Emmanuelle Bercot est réalisatrice, scénariste et actrice. En 2015, elle obtient le Prix d'interprétation féminine à la 68e édition du Festival de Cannes pour Mon Roi de Maïwenn. Elle fut également nommée cinq fois aux Césars, dont celui de la meilleure actrice pour Mon Roi et du meilleur réalisateur pour La Tête haute en 2016.

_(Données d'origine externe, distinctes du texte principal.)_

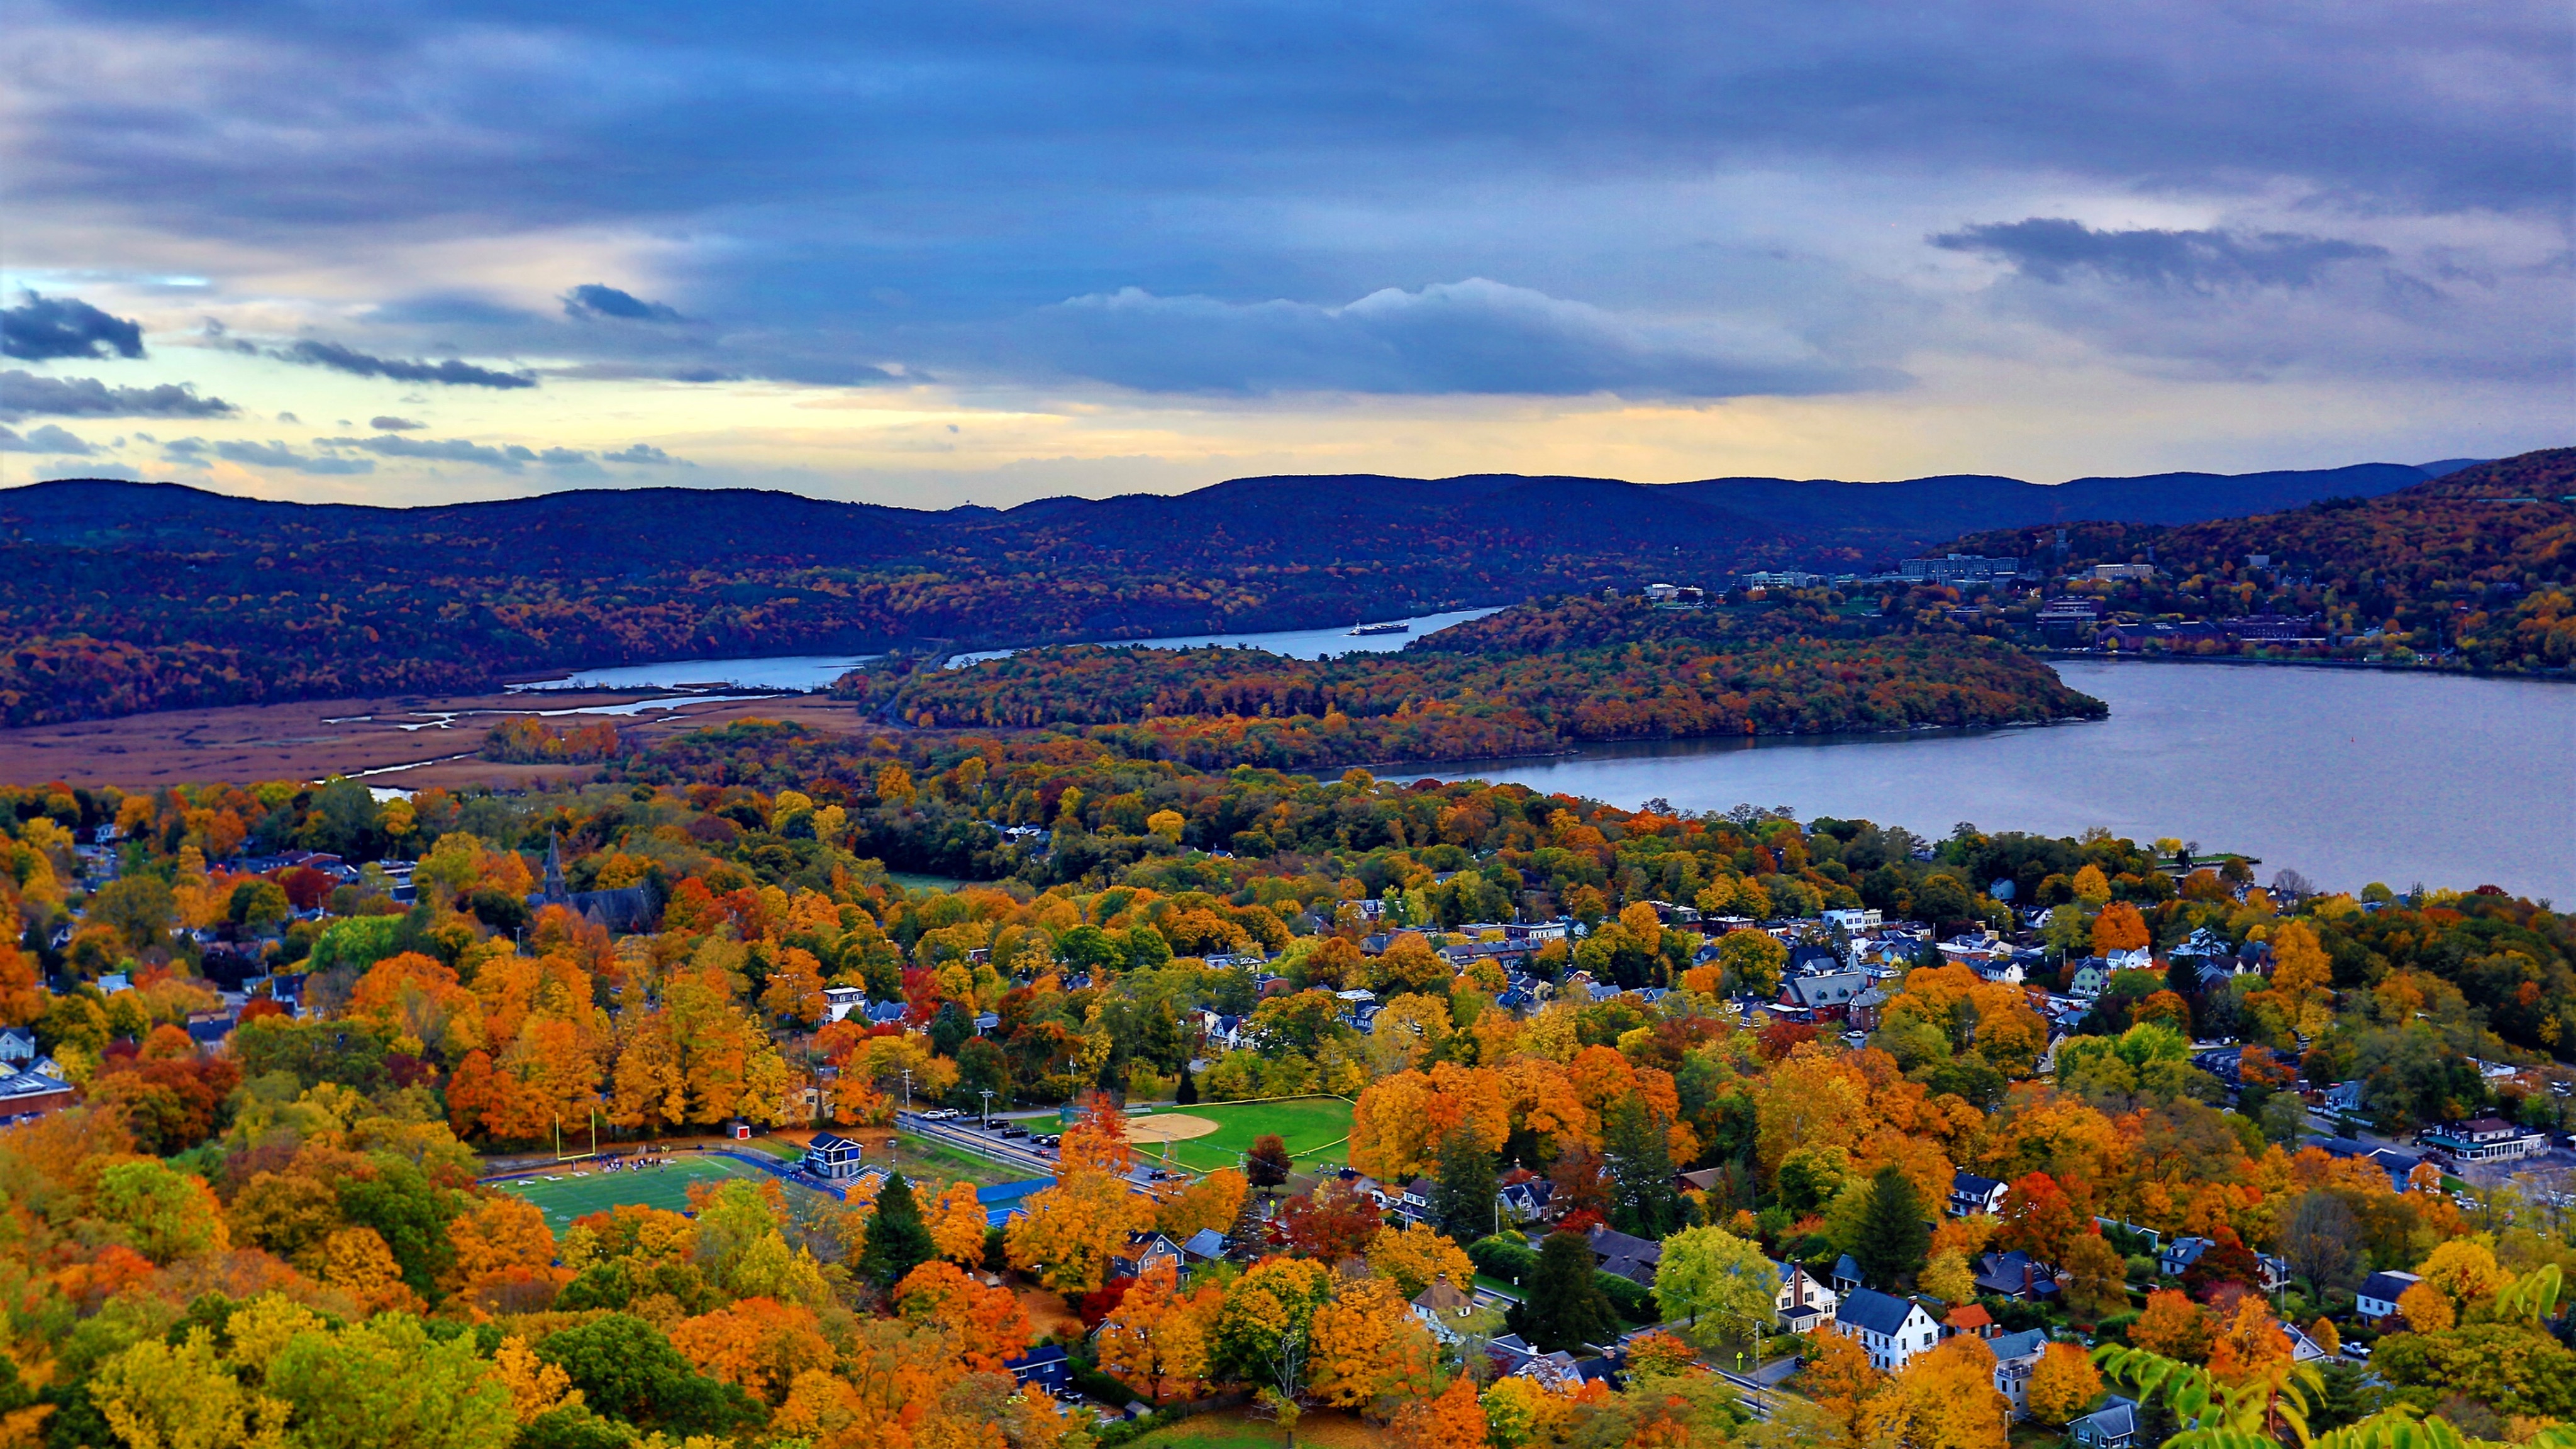 Community photo by Paul C. Peh | Cold Spring, New York, USA
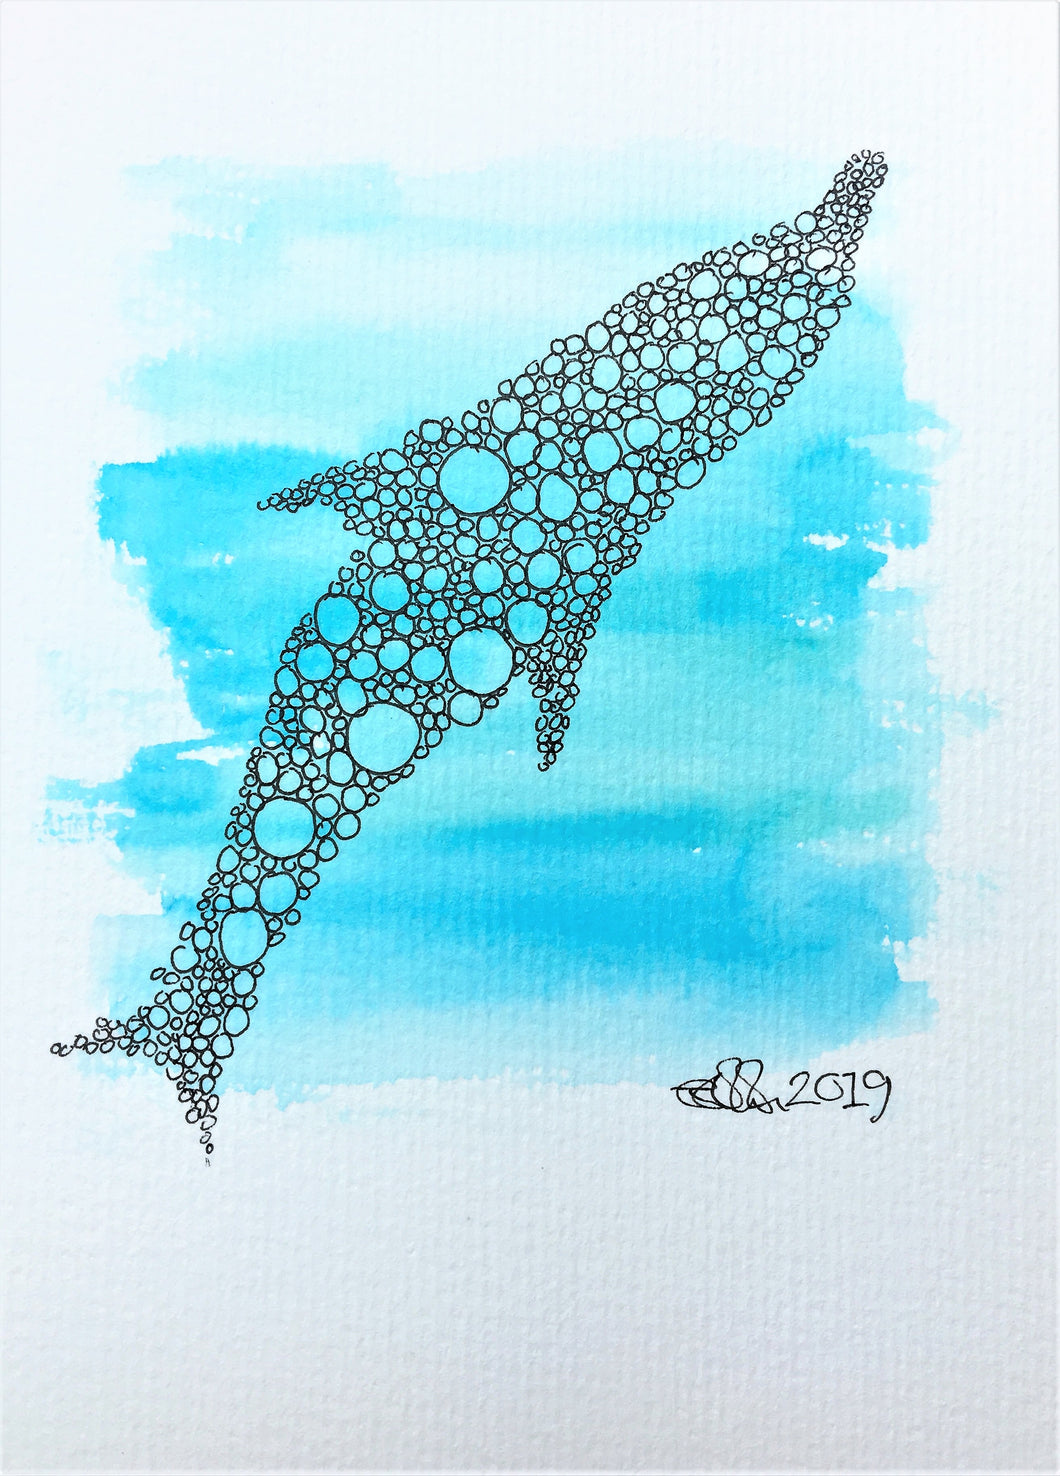 Handpainted Watercolour Greeting Card - Blue abstract circle dolphin design - eDgE dEsiGn London

« Dans la mesure où c’était à Irène Frachon de décider à qui elle préférait confier l’adaptation de son livre, j’ai déjeuné avec elle, à Paris, quelques mois après la sortie du livre, c’est-à-dire il y a près de six ans. J’ai tout de suite compris que cette femme haute en couleurs pouvait être un extraordinaire personnage de fiction. Racontée par elle, avec toute sa passion, avec toute son émotivité, l’affaire prenait un tout autre relief. Ce n’était plus l’histoire du Mediator, mais le combat de cette femme hors du commun. (...) – Emmanuelle Bercot à propos de La Fille de Brest.

Obsédée depuis l’enfance par l’idée de la justice, Emmanuelle Bercot, qui avec La tête haute (2015) se penchait sur le sort réservé par les instances judiciaires aux enfants délinquants, poursuit son incursion dans le registre social avec le combat hors du commun d’une femme bien décidée à interdire la commercialisation d’un médicament, jugé responsable de la mort de plusieurs centaines de personnes.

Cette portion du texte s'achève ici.